Многие из нас уже изведали страстные увлечения либо легкий флирт или хотя бы побывали на балах. Мне случалось танцевать только в отелях, в «Мон-Сервен» в Церматте, в «Риги Кальтбад», «Челерине» в Венгене. Я танцевала с пожилыми господами, которые приглашали меня, чтобы сделать приятное моему отцу — он никогда не танцевал. У меня было вечернее платье, присланное из Бразилии, и черные лакированные туфельки, но в этом наряде я не столько танцевала, сколько играла в разные скучные игры. Надо было надеть на палку кольцо и набросить его на бутылку. Мы с отцом были очень одиноки, иногда вечерами мы пытались развлечься, сидя у себя в номере. Но даже там я ожидала вступления в большой мир. Уныло, почти не чувствуя нетерпения. Время проявляло неорганизованность.
Но я не могла рассказать об этом Фредерике. Вряд ли она знала о жизни так уж много, однако сам тон ее голоса, убежденность, с которой она говорила, заставляли в это поверить. Она могла бы написать целый роман о любви, при том что сердце ее оставалось холодным, — как старуха, вспоминающая о давнем прошлом. Или как слепая. Иногда при разговоре ее взгляд словно упирался в одну точку, и я боялась проронить хоть слово. «Tu rêves»[10]. Нет, она не грезила. Она сворачивала себе сигарету и лизала краешек бумаги, чтобы закрепить его.
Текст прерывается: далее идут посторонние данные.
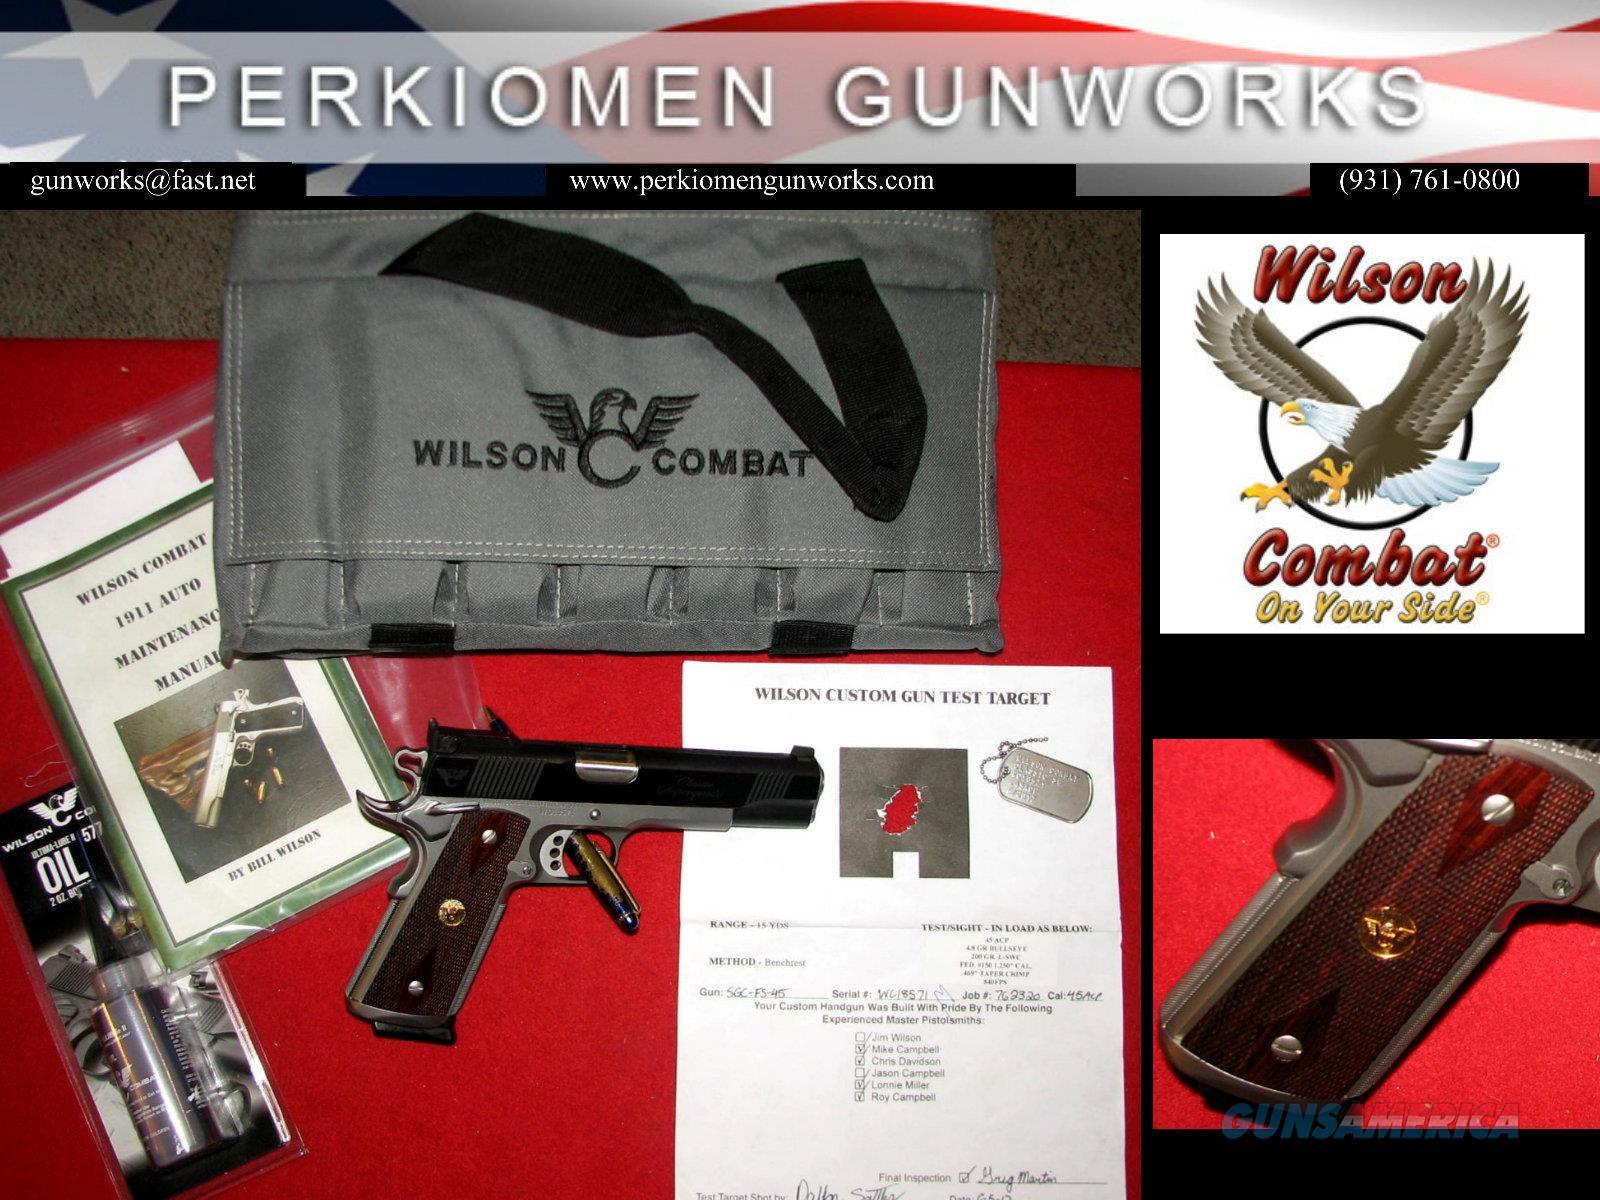 Classic SuperGrade, Two-Tone w/options - New in Box  Guns > Pistols > Wilson Combat Pistols

В свободные часы я нередко заходила к ней в комнату, и почти никогда она не предлагала мне сесть. В отличие от моей соседки она не разваливалась на кровати, не стягивала с себя пуловер, как немка, которой вечно было жарко. Фредерика соблюдала порядок во всем, она была воплощением порядка, как ее тетради, как ее почерк, как ее шкафы. Я была уверена, что это — особая тактика, помогающая ей оставаться незамеченной, прятаться, не смешиваться с остальными или просто соблюдать дистанцию.
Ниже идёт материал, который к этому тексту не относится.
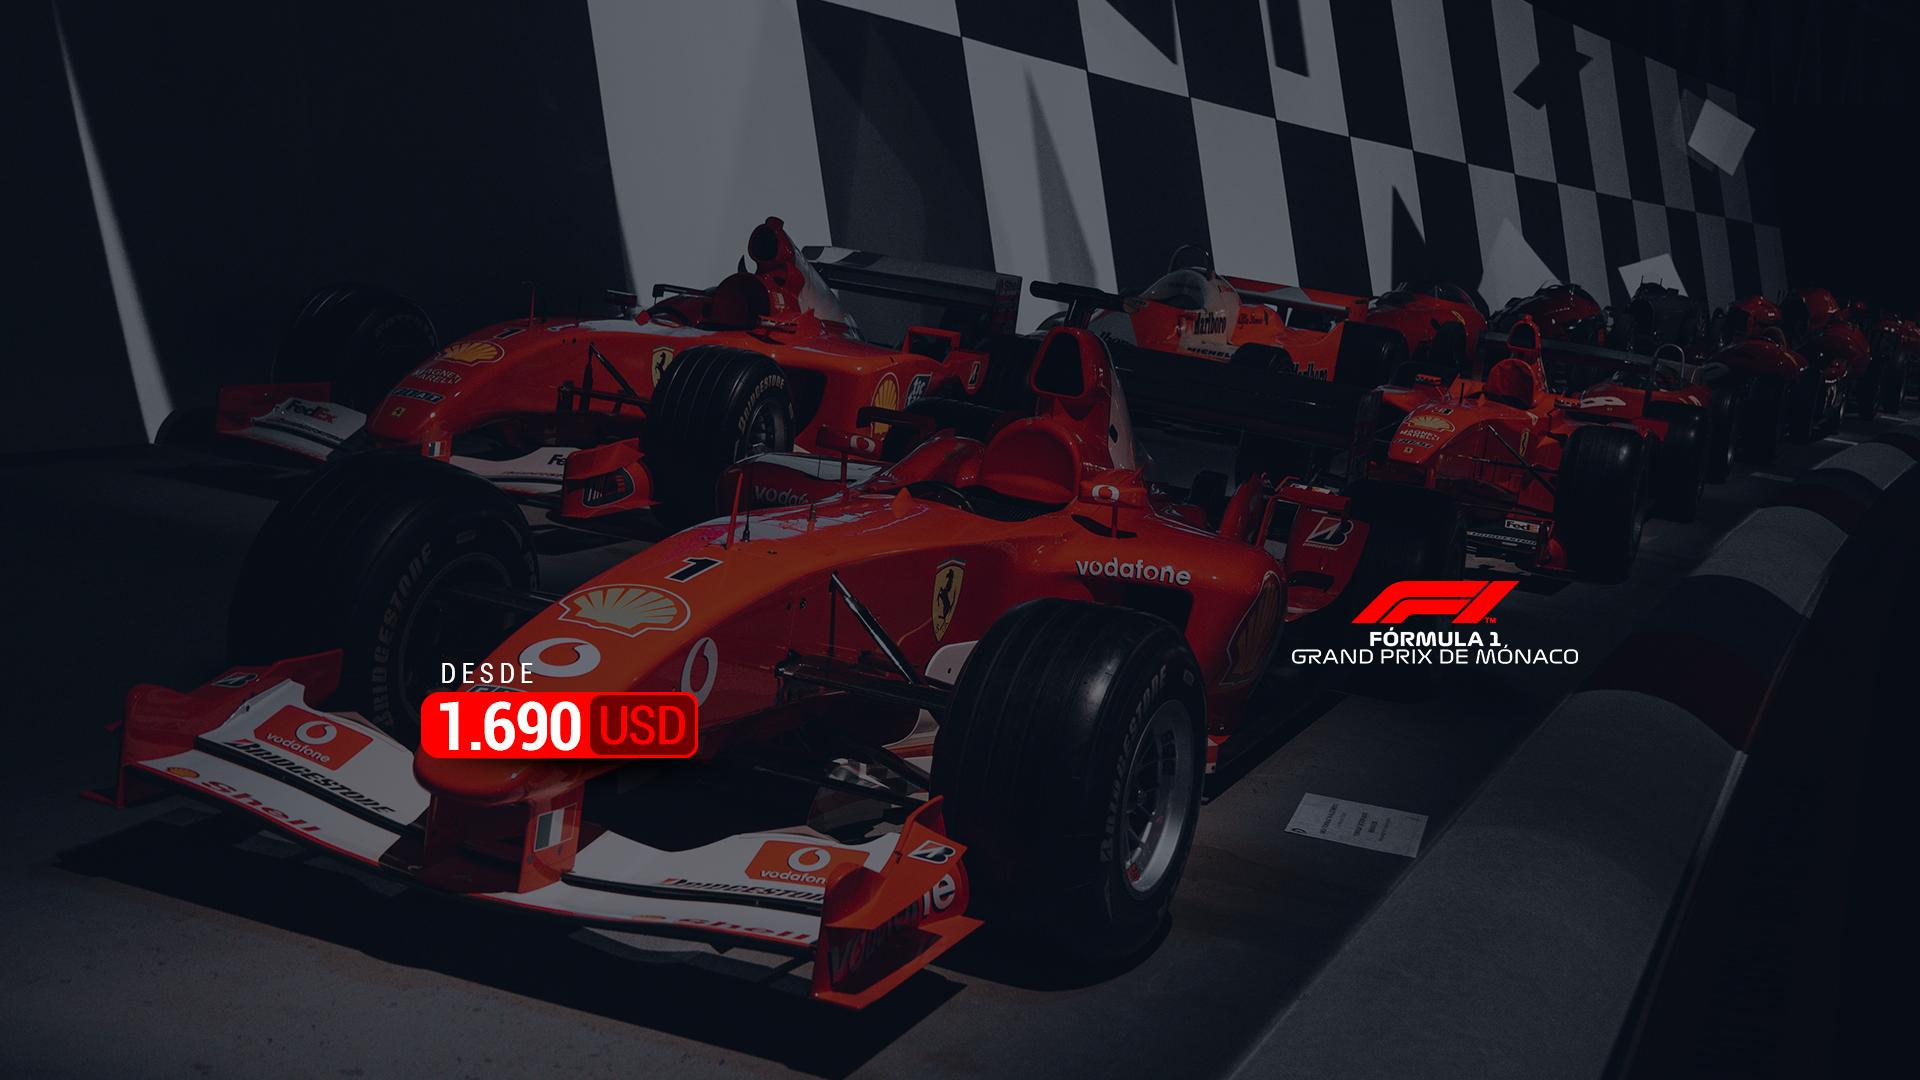 Fórmula 1 Grand Prix de Mónaco

«Tu es possédée par l’ordre»[11]. В ответ она улыбнулась: «Да, я люблю порядок». А я сказала ей, что понимаю мальчишек, которые прыгали с верхнего этажа пансиона единственно ради того, чтобы хоть как-то нарушить порядок. Порядок, как и идеи, — это было ее имущество, ее собственность. Мне хотелось бы познакомиться с ее отцом, но сейчас его уже нет в живых.
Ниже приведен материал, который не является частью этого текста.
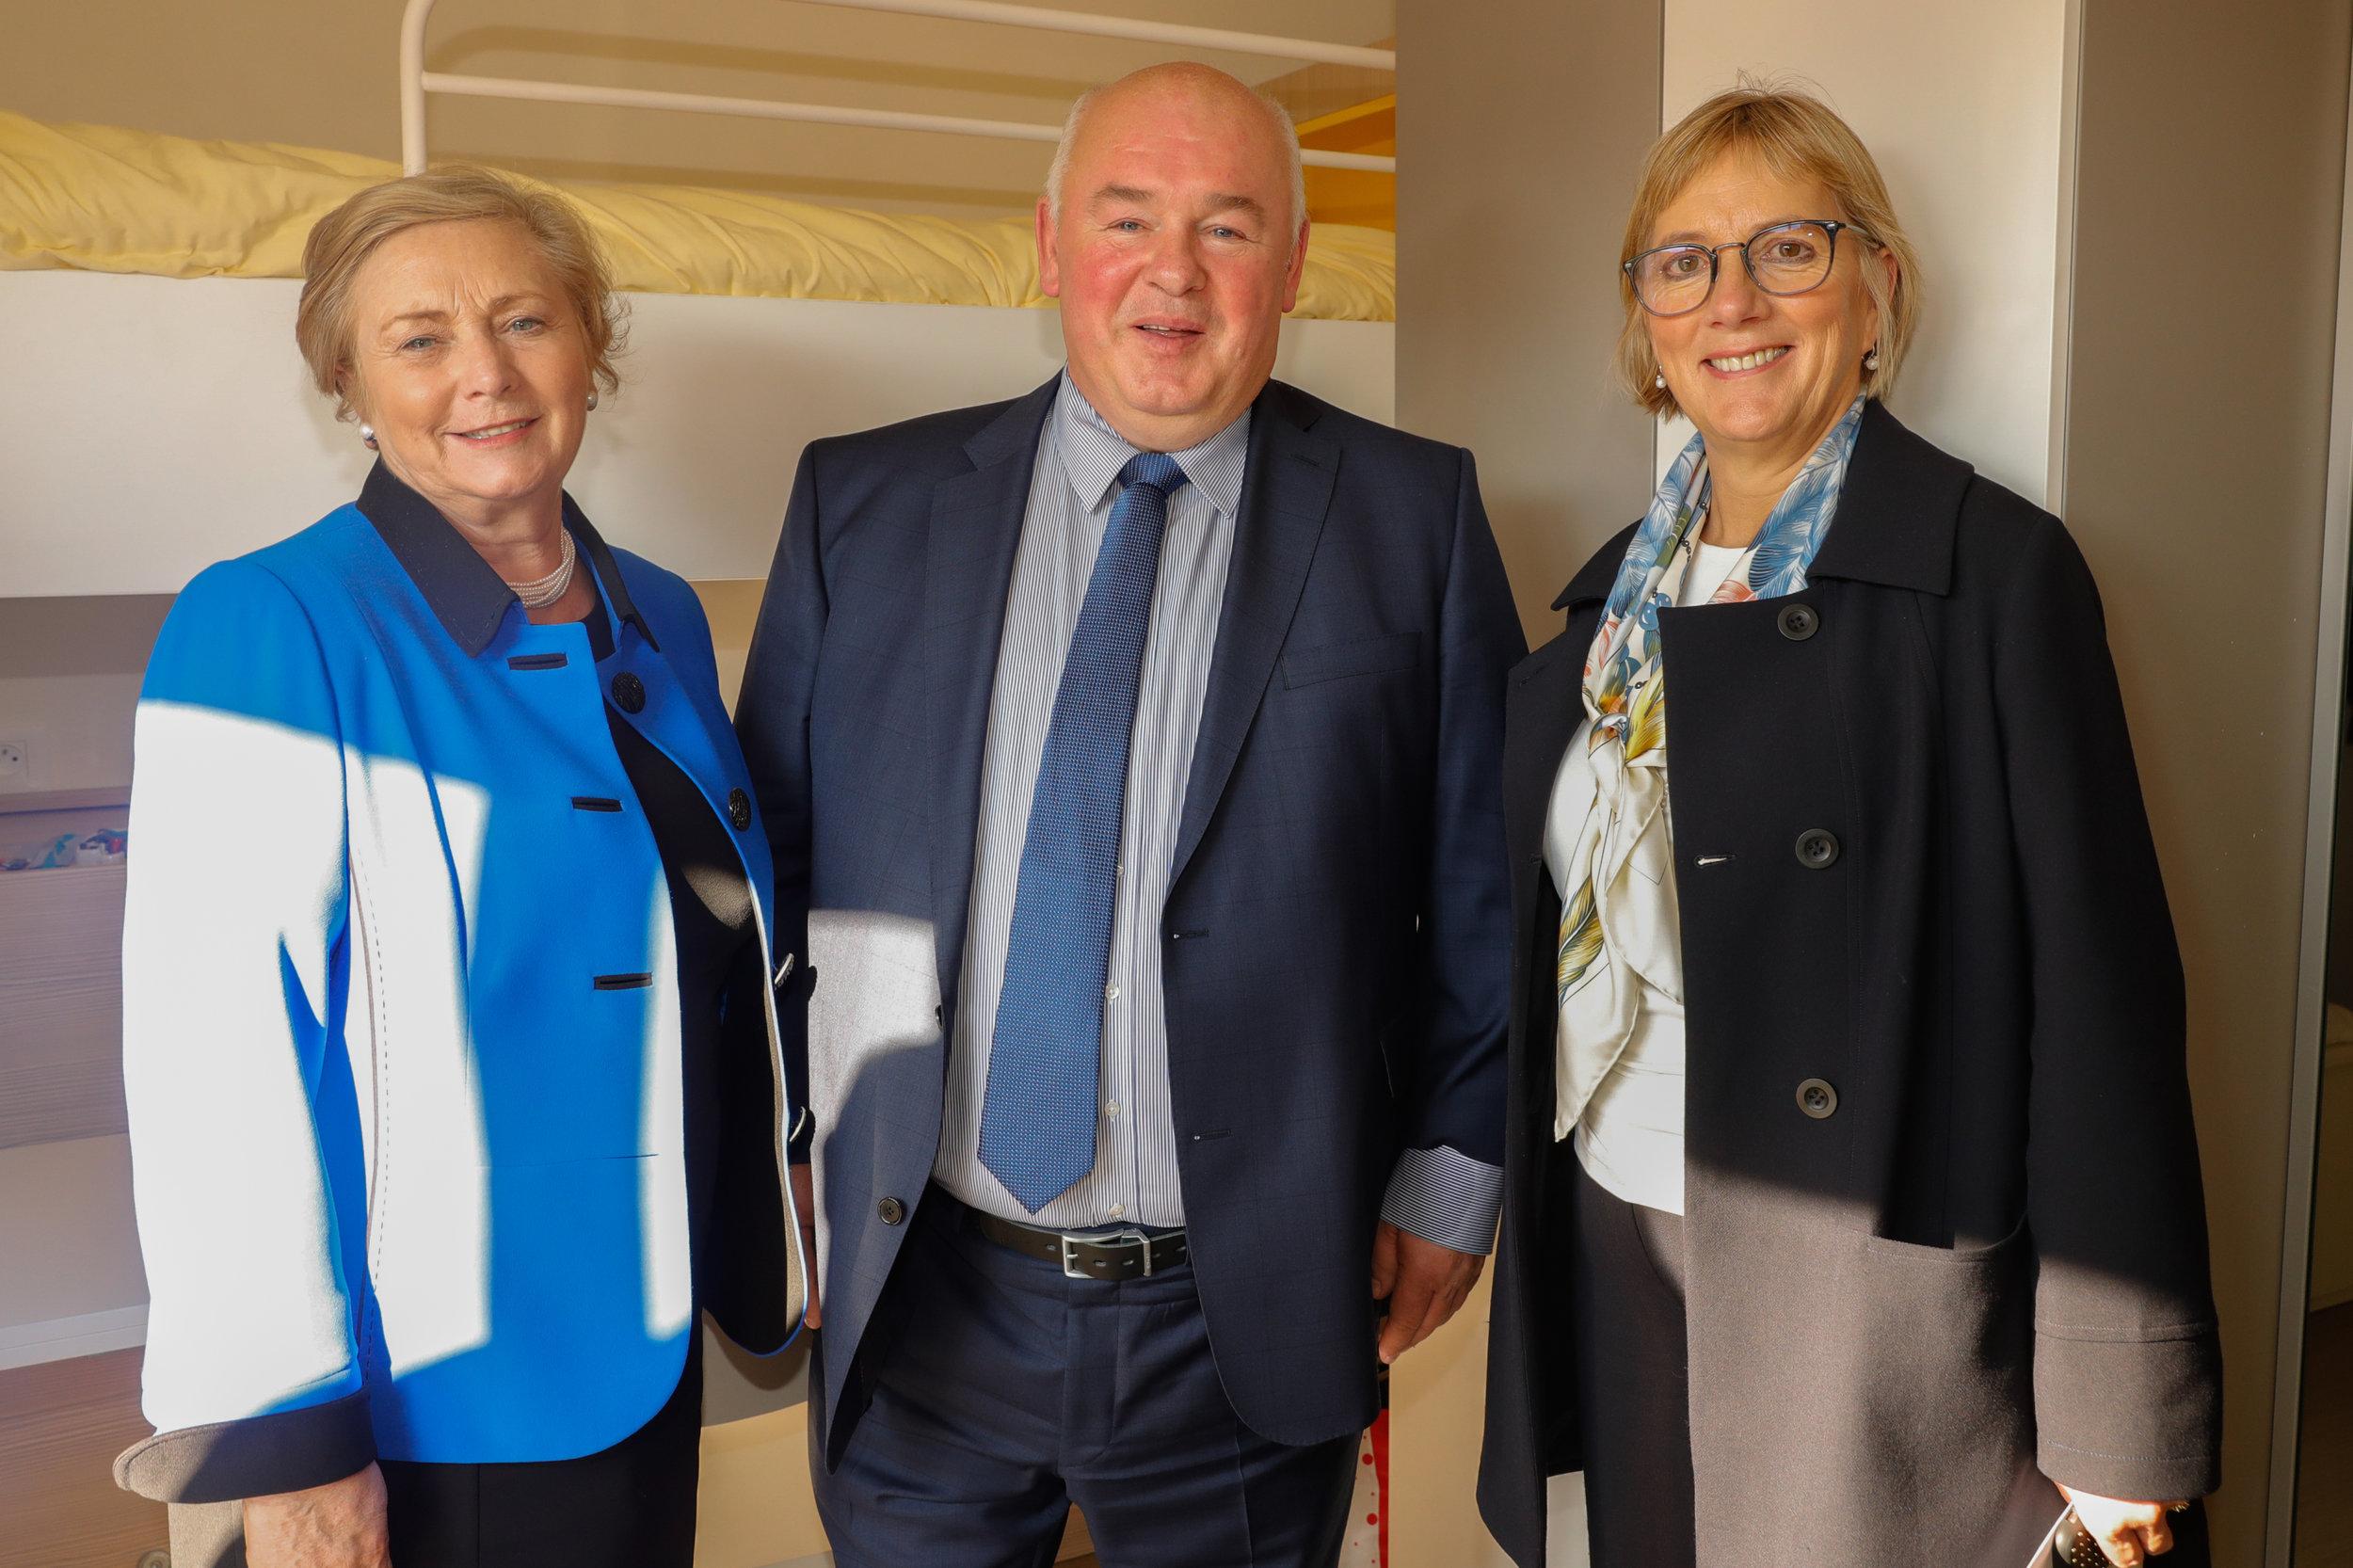 From left to right: An Tánaiste - Frances Fitzgerald , Paul Byrne - Managing Director Castlebrook, Julie Sinnamon - CEO Enterprise Ireland

Деревья в Аппенцелле увешаны яблоками и грушами, пастбища огорожены колючей проволокой. Мальчик с кружевной накидкой на плече. Надпись на доме: «Безропотно переноси невзгоды». Ранним утром я поднималась на холм. Оттуда, с вышины, обозревала мои духовные владения. Это было мое свидание с Природой. Поднявшись еще немного, я видела вдали, у самого горизонта, Боденское озеро. Впоследствии мне придется жить на этом озере — меня переведут в другой пансион, на крошечном островке. Каждый день мы, построившись парами, будем обходить этот островок, до самого маяка. Это похоже на навязчивую идею: каждый день, с часу до трех, совершать обход острова, монахи тоже совершают обход своего монастыря, обводя его глазами. Интересно, есть ли что-нибудь такое, что не может стать навязчивой идей? Там, на острове, была идиллия, превратившаяся в навязчивую идею. В этом колледже, закрытом религиозном интернате, за завтраком, обедом и ужином одна из девочек читала нам вслух. Когда ее голос смолкал, мать наставница разрешала нам разговаривать. Мы возвращались в состояние язычества.
Вдруг до меня долетают голоса, ритмичный стук ножей и вилок. Воспитанницы-немки переговаривались, пересмеивались, наедались, накладывали себе вторую порцию всего, даже Blutwurst[12]. А я брала вторую порцию десерта, пирожное с ревенем. Оно было без крови. Их самое любимое словечко было «freilich». Я могу это сделать, вы разрешаете? Ja, freilich. Freilich. (Это означало «конечно», но также и «свободно».)